TASK OBJECTIVE =
Transcribe only what runs from the line containing "Style sicily blogger Denina Martin 032018" through the end of the listing, line for line and exactly, and omit the pictures.
**** INFORMATION PROVIDED ****
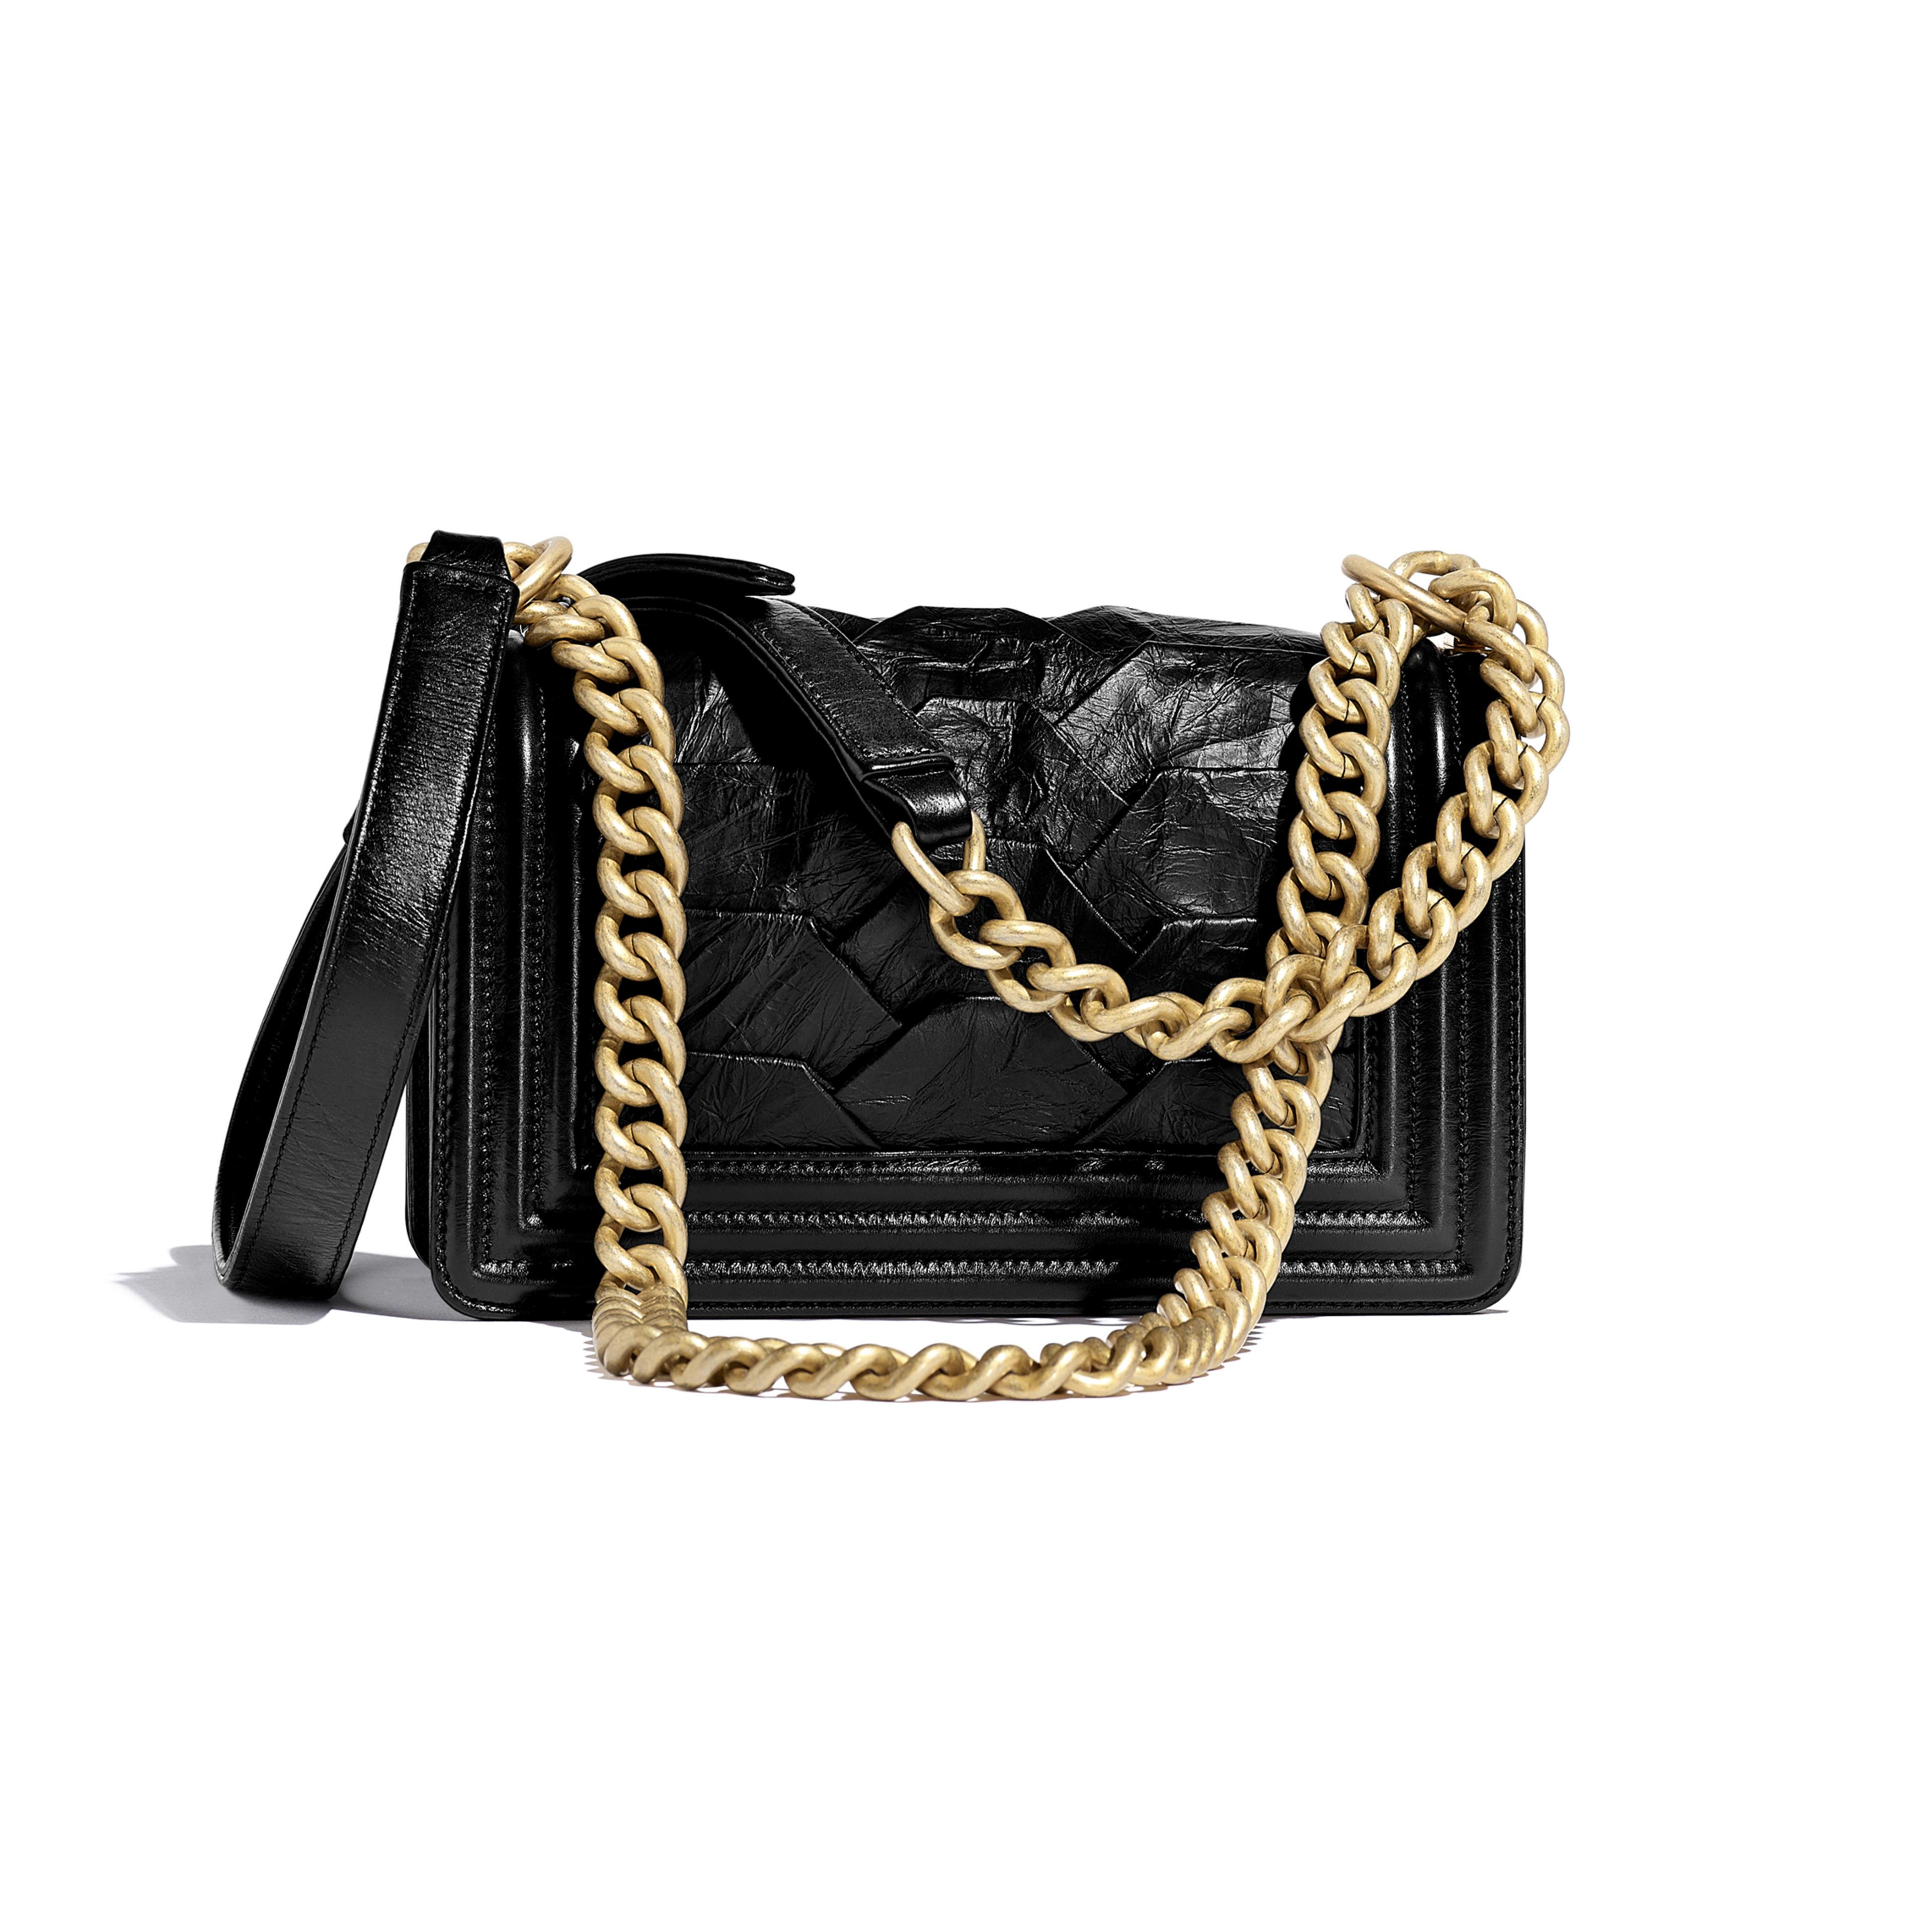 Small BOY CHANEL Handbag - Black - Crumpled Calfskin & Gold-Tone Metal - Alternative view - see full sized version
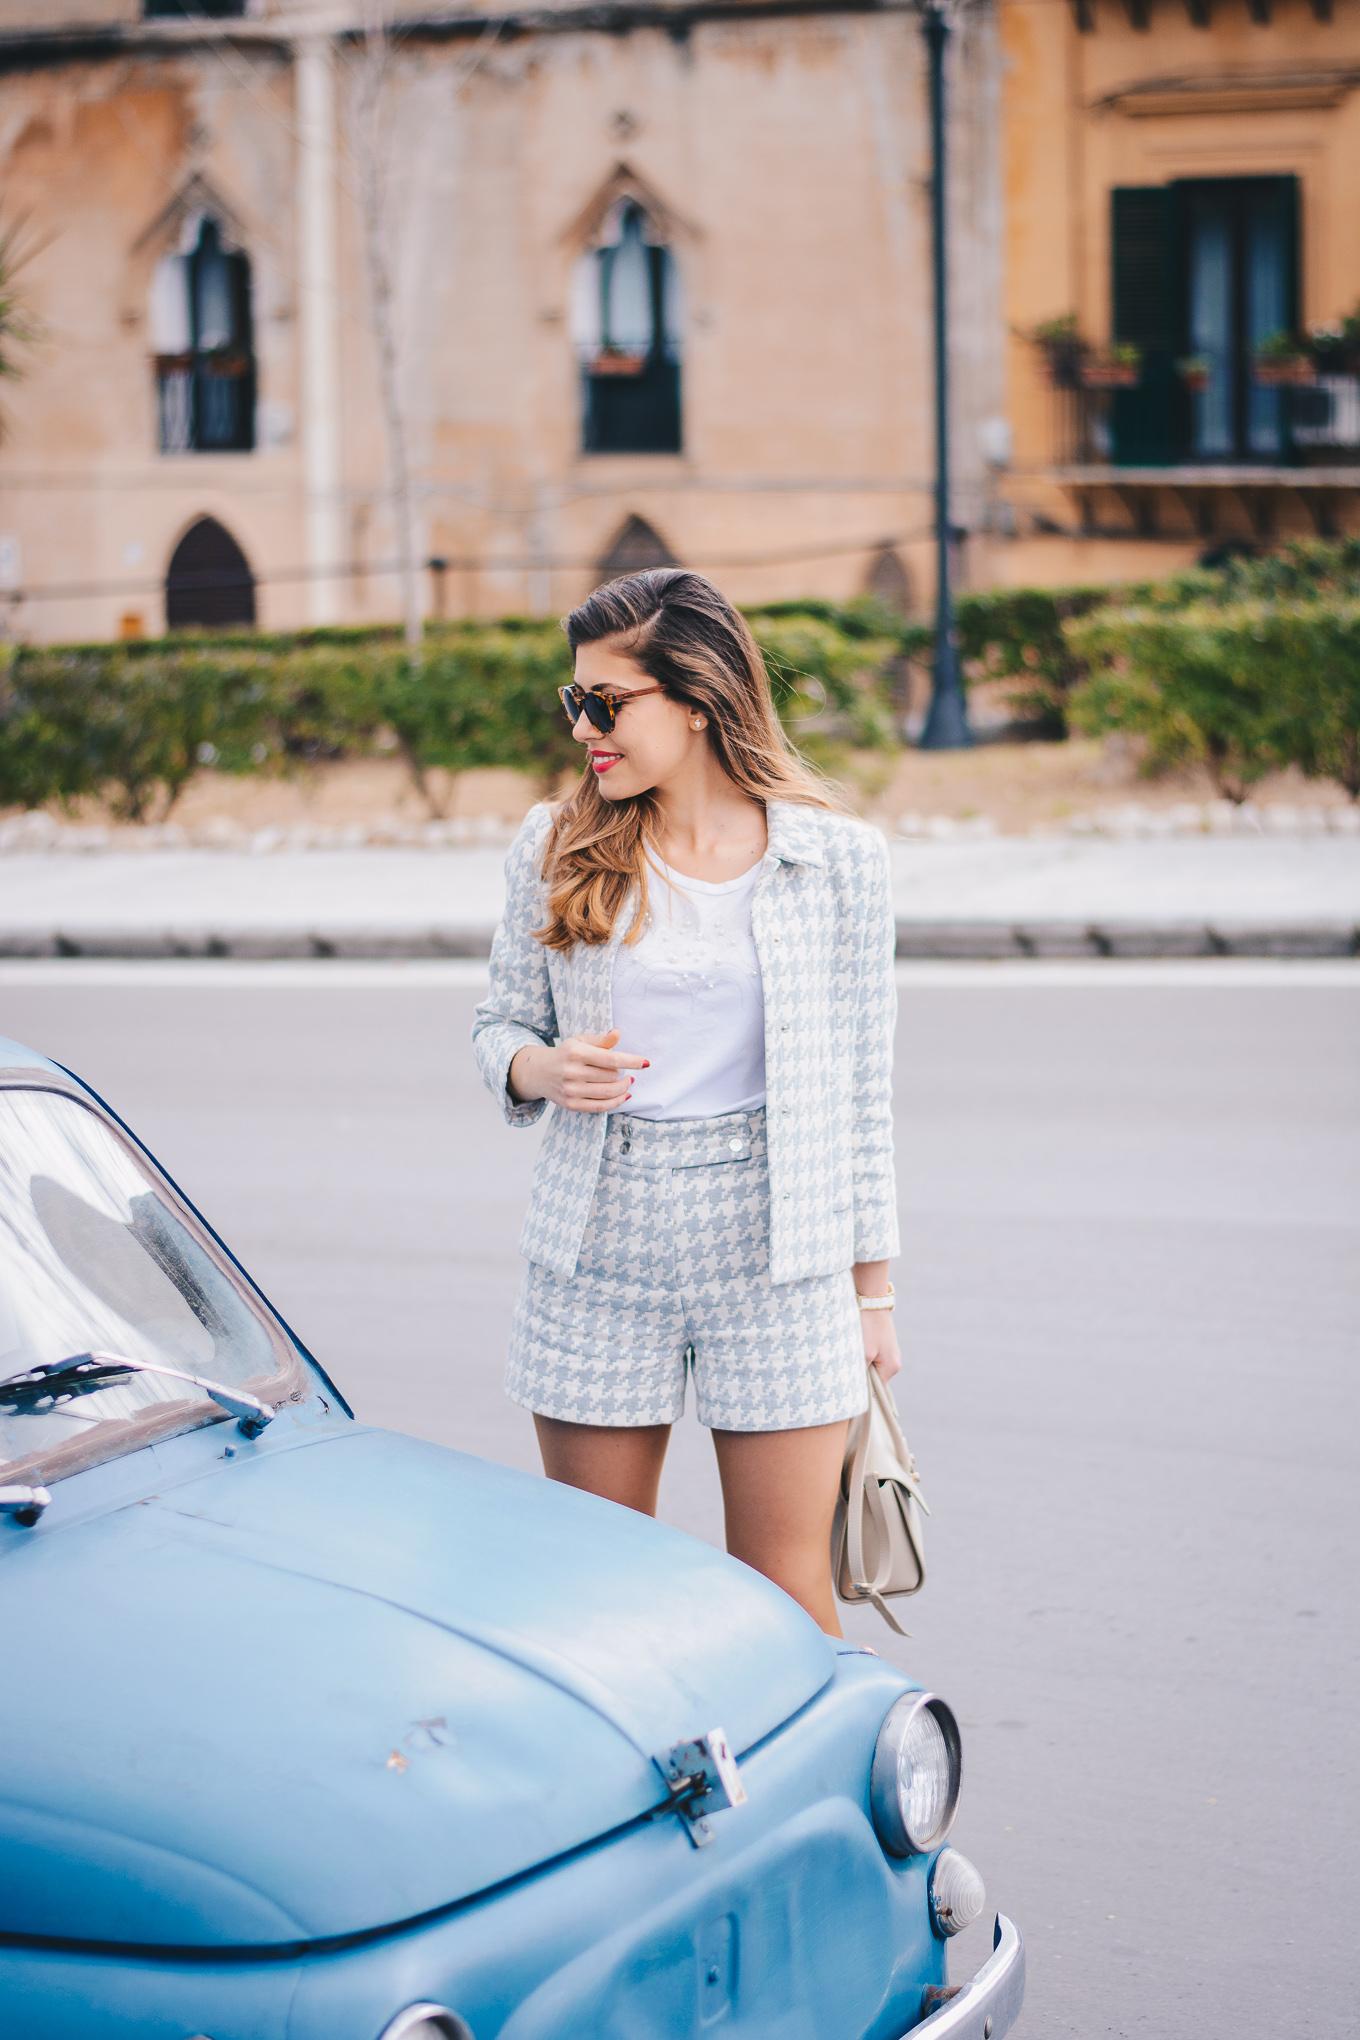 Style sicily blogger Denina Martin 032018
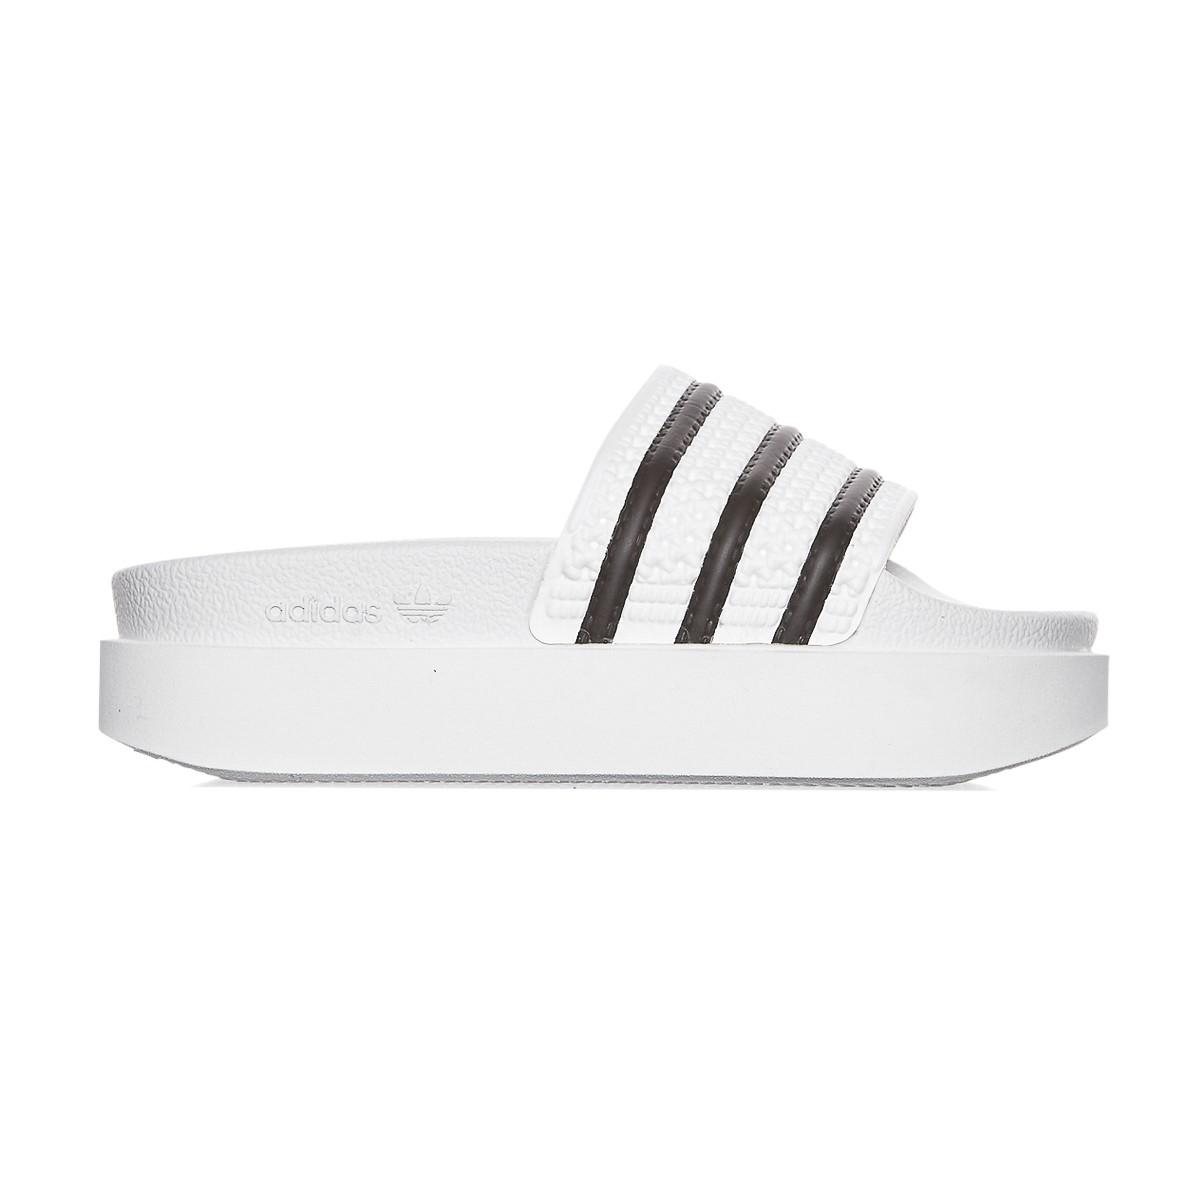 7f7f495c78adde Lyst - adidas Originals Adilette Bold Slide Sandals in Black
****
TASK RESPONSE =
 Style sicily blogger Denina Martin 032018
 7f7f495c78adde Lyst - adidas Originals Adilette Bold Slide Sandals in Black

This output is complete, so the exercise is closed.